What the doctors ordered

Mark Smulian takes a look at the University of Leicester’s new Centre for Medicine, which will be the UK’s largest non-residential Passivhaus project to date

Fitting the people and equipment from three departments into a single structure on a constrained site might challenge any construction and design team, but that is what has been going on at the University of Leicester for the past two years.

Not only that, this will be the largest non-residential Passivhaus project in the UK, possibly in Europe, and as a pioneer of its kind will be used to set criteria for future projects that wish to meet this standard.

Leicester expects to open its new £42m medical school this autumn, replacing one that was built in 1975 and later extended with two additional structures.

The new 12,863 sq m Centre for Medicine will be adjacent to the old one and staff have taken the opportunity to redesign how some aspects of their courses are taught with, for example, lecture theatres equipped to show students ‘live’ consultations and medical procedures.

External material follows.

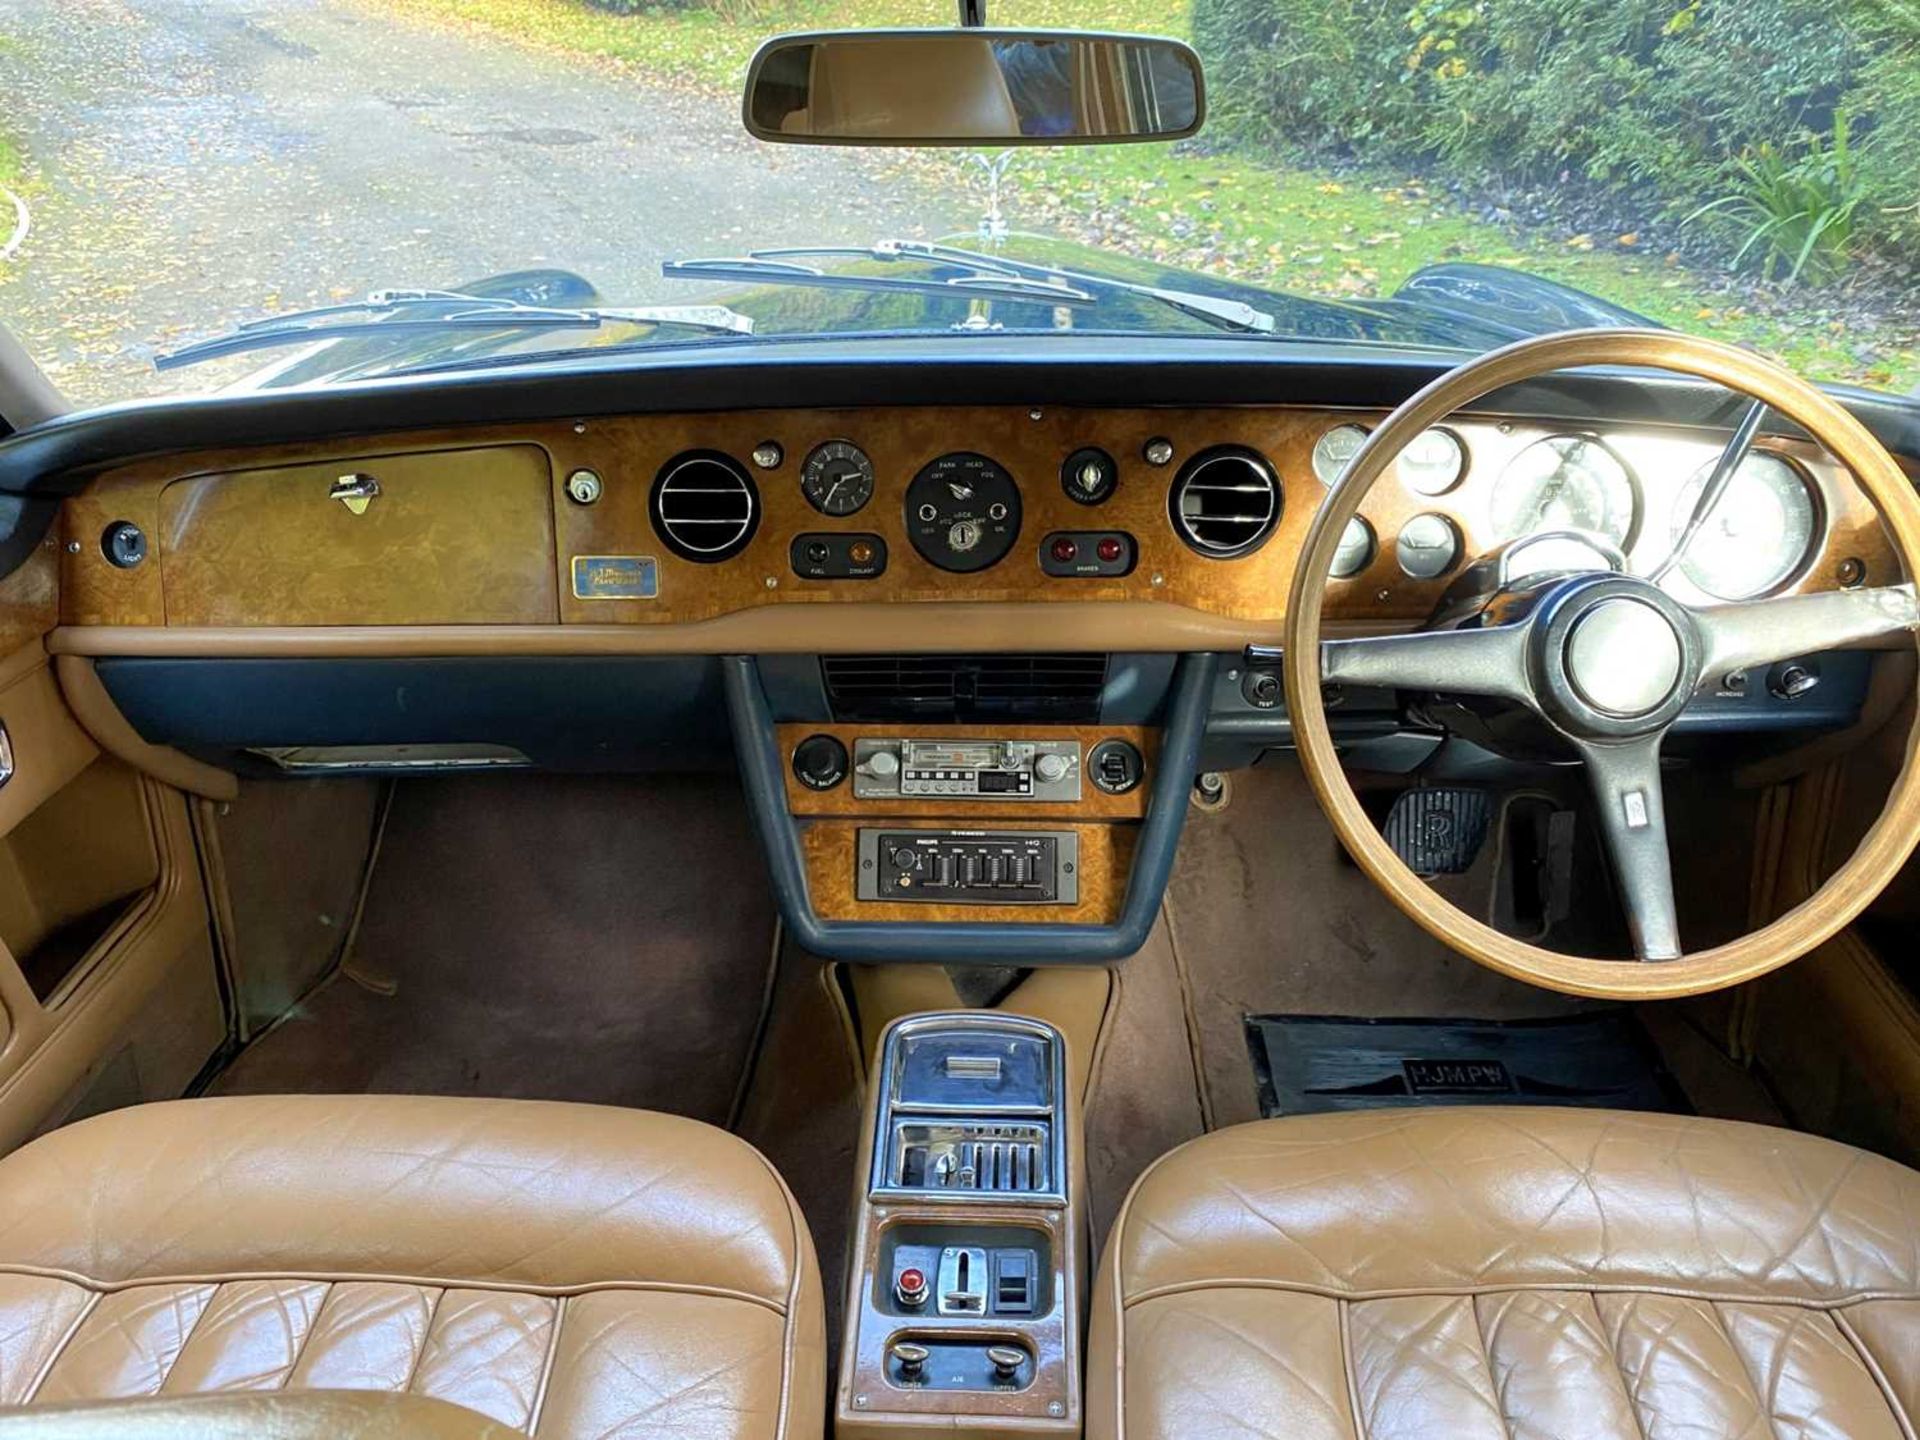 1971 Rolls-Royce Corniche Saloon Finished in Royal Navy Blue with Tobacco hide - Image 38 of 100

When he first saw the site, Jon Chadwick, of Associated Architects, found some challenging limits to how he could build.

On one side a main road separates the site from the main university campus; on the second side another road runs between it and the old medical school – which is not life-expired as a building and will be converted for other academic uses – and a school on the other two sides.

There was also a protected view up to a war memorial designed by Sir Edwin Lutyens with which to contend.

“This was certainly a constrained site and I think the fact that the building was going to be a demonstration project for a large scale Passivhaus approach was helpful in securing planning permission,” Chadwick says.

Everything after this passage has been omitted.